### What this task involves
Without the pictures, repeat all of the data exactly as it appears below.

*** Data section Section Begins ***

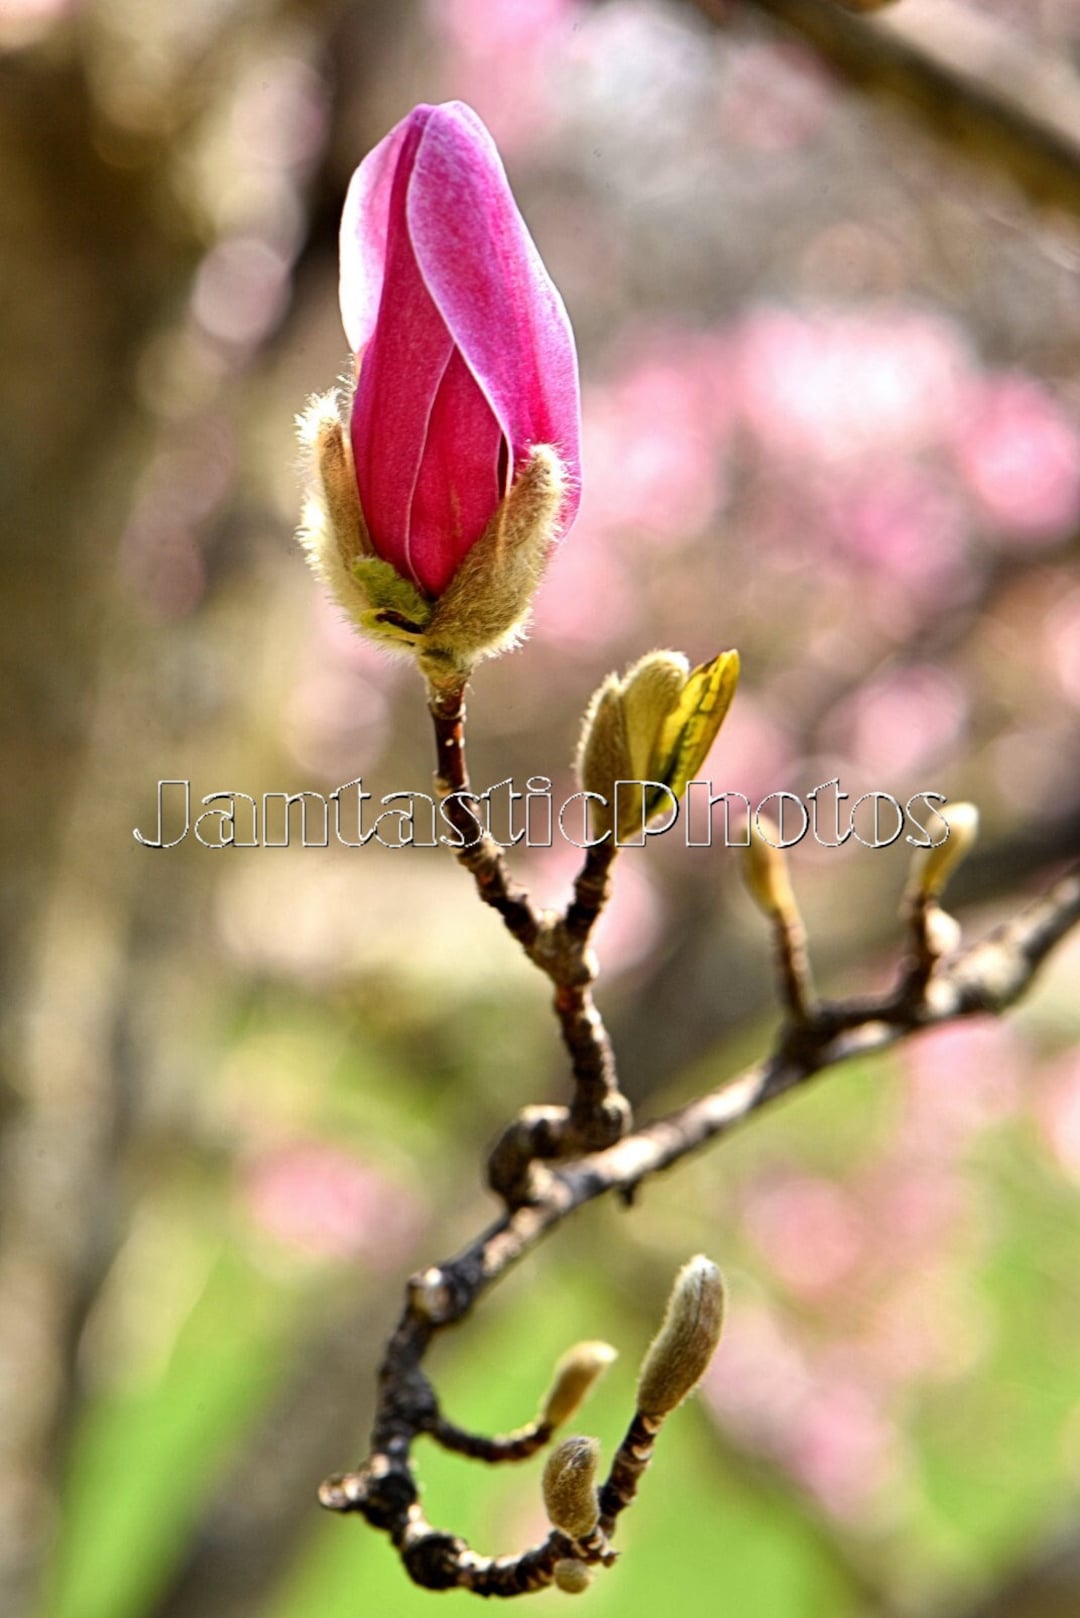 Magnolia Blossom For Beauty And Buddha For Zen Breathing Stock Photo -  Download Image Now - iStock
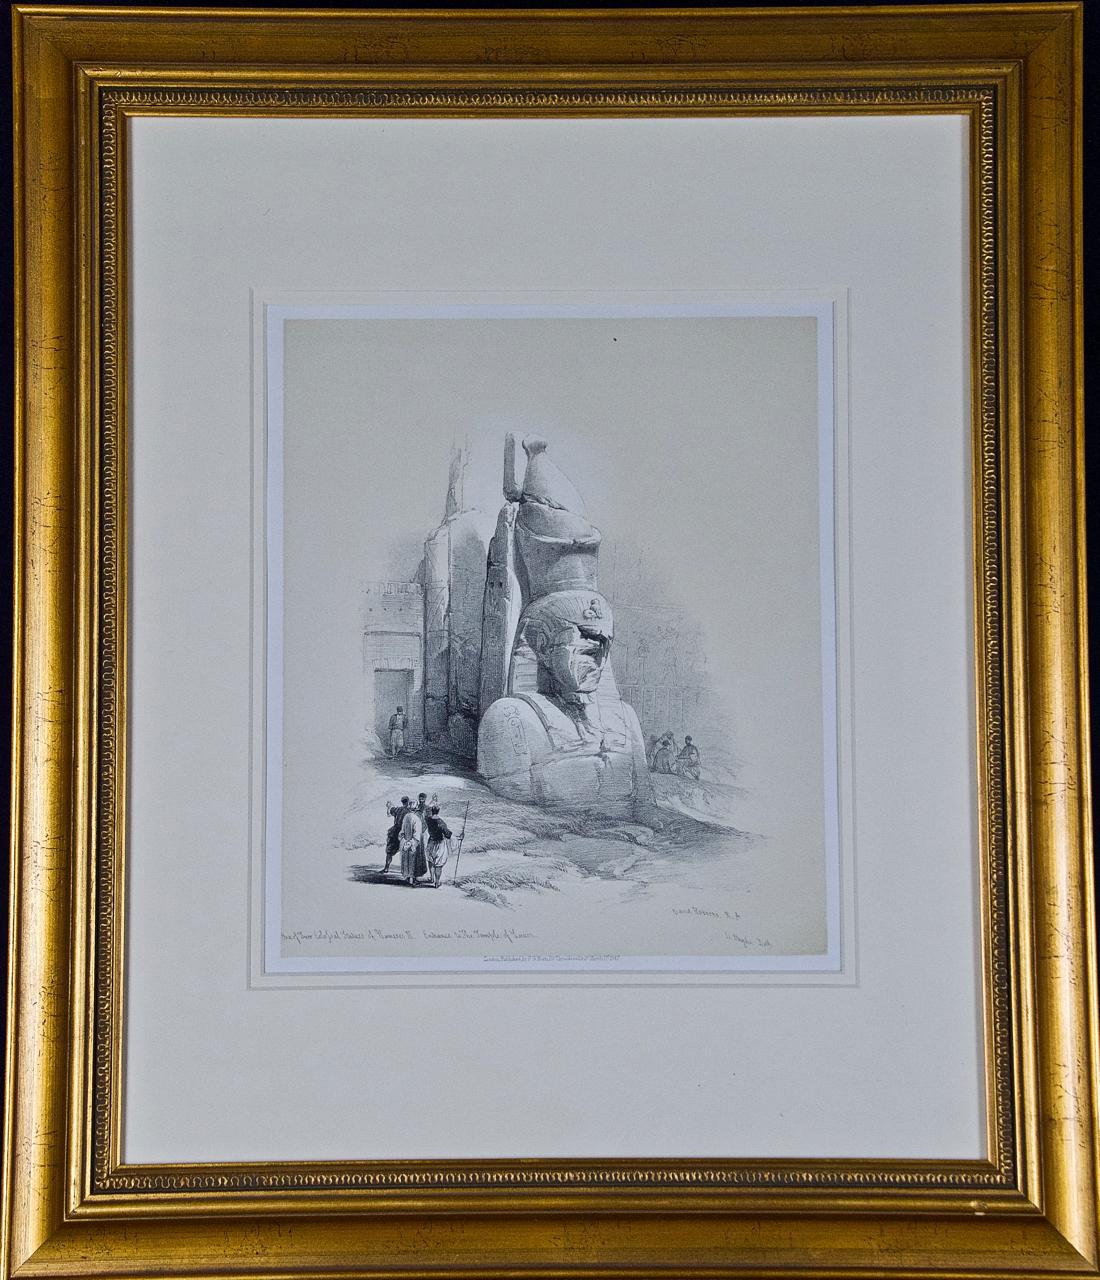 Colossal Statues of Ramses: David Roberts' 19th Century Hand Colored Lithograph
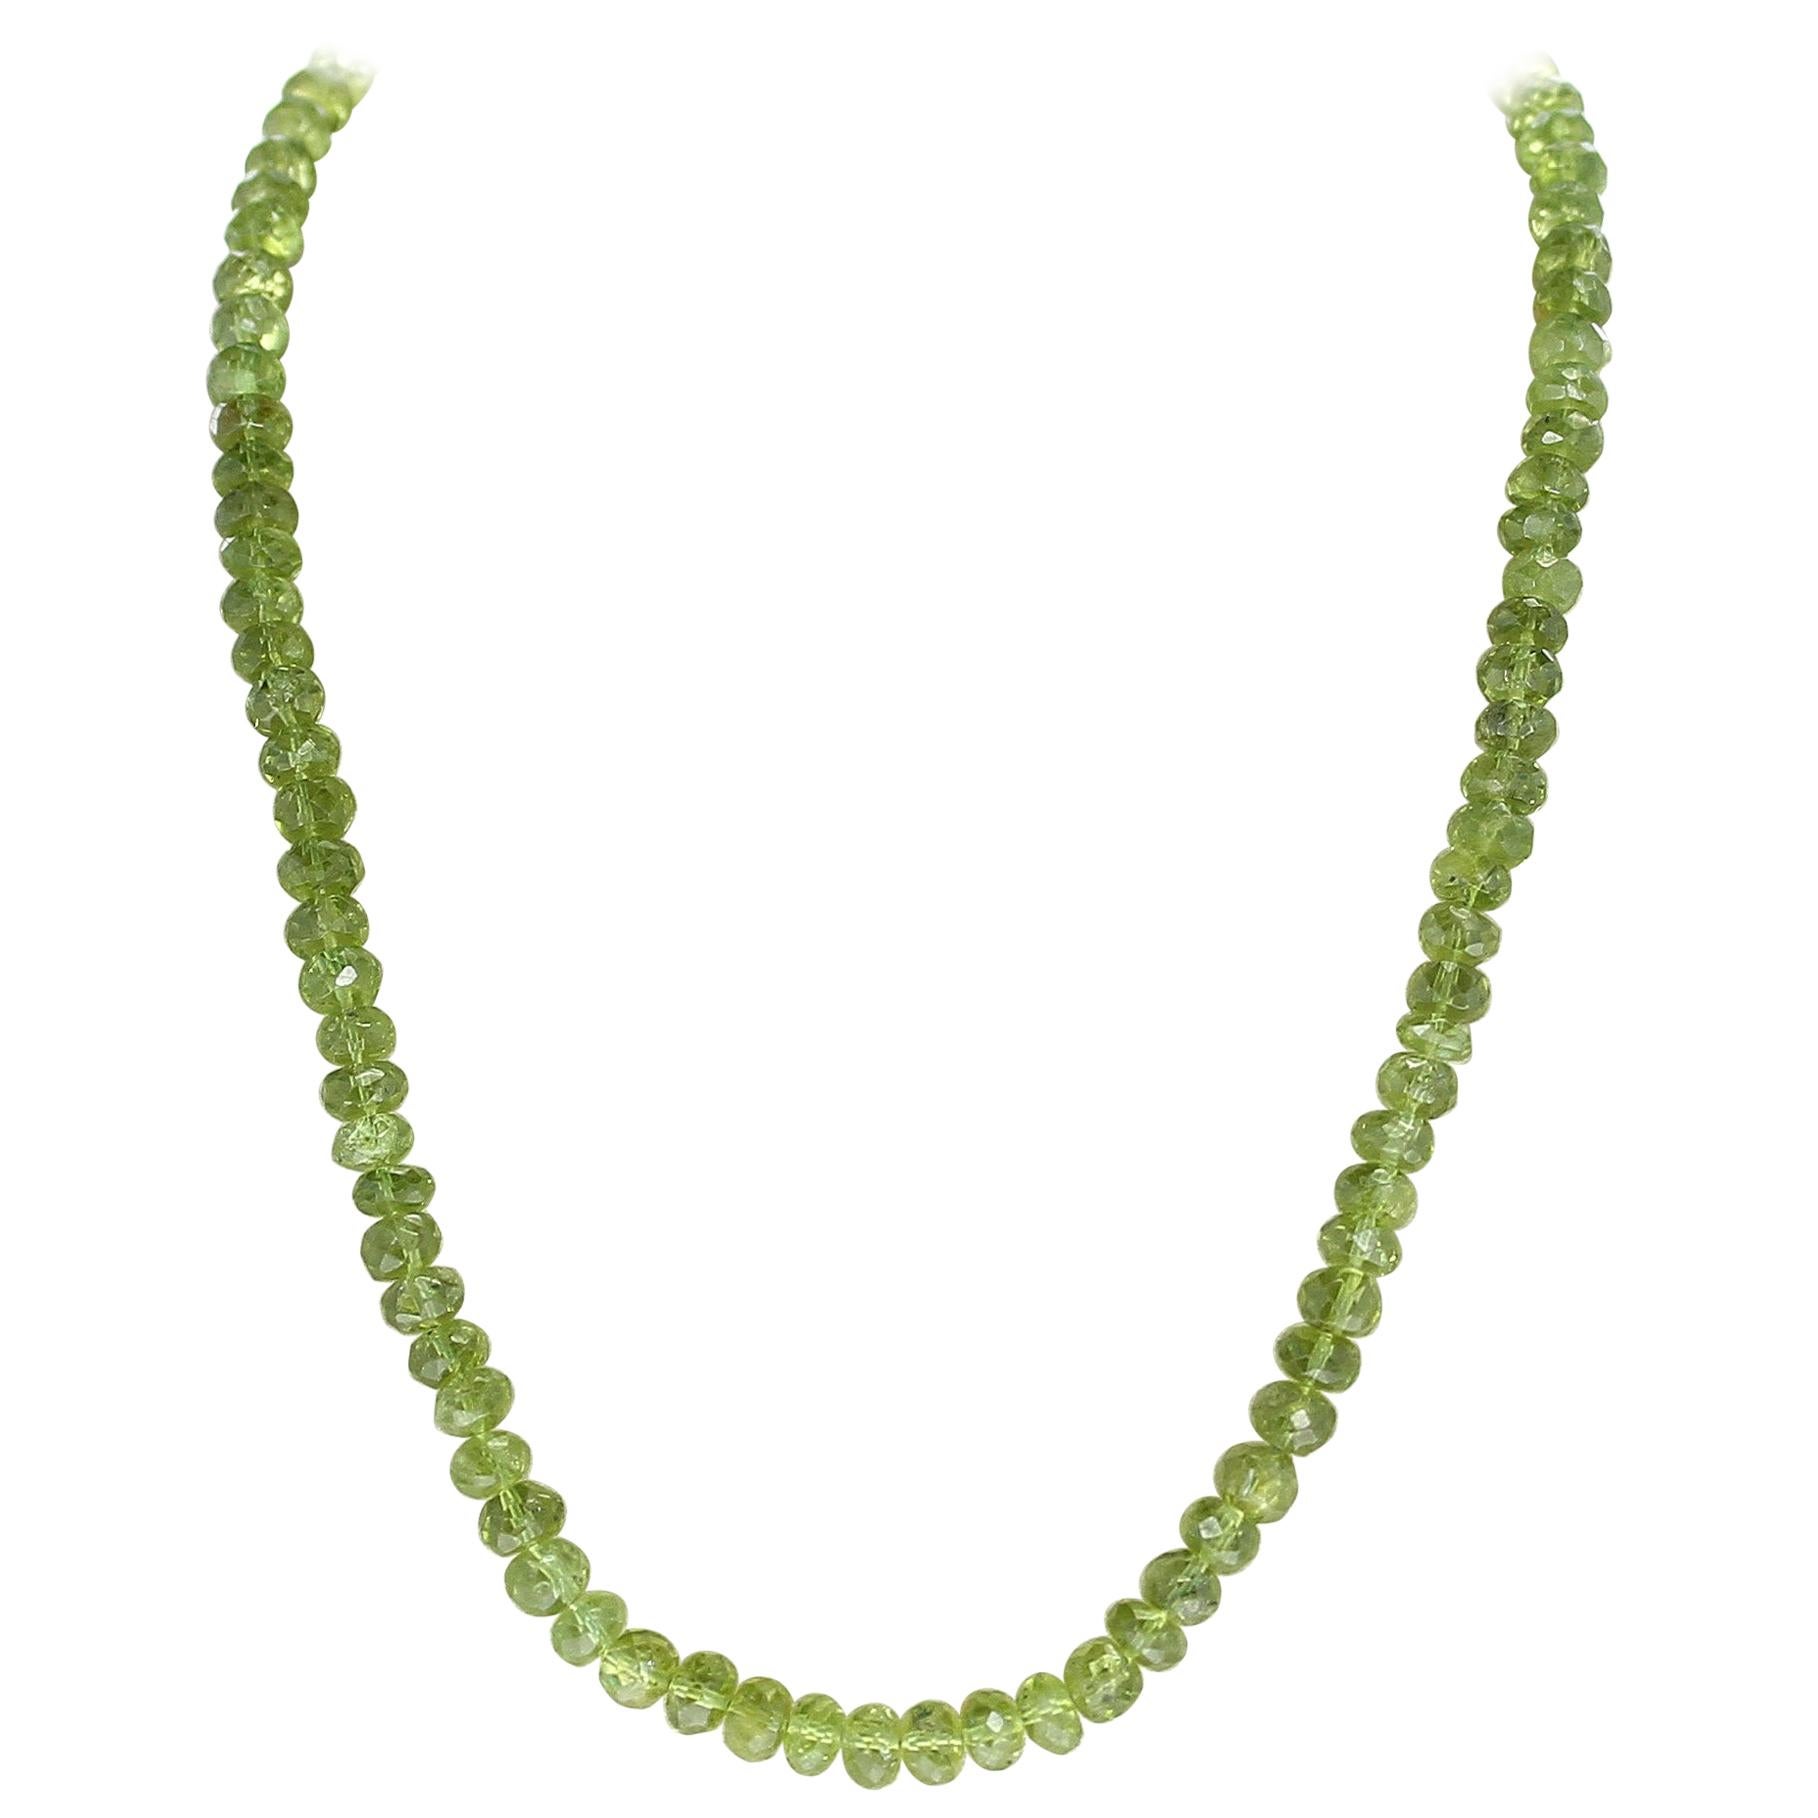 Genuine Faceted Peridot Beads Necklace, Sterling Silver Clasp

*** Data section Section Ends ***

### Written reply
 Magnolia Blossom For Beauty And Buddha For Zen Breathing Stock Photo -  Download Image Now - iStock
 Colossal Statues of Ramses: David Roberts' 19th Century Hand Colored Lithograph
 Genuine Faceted Peridot Beads Necklace, Sterling Silver Clasp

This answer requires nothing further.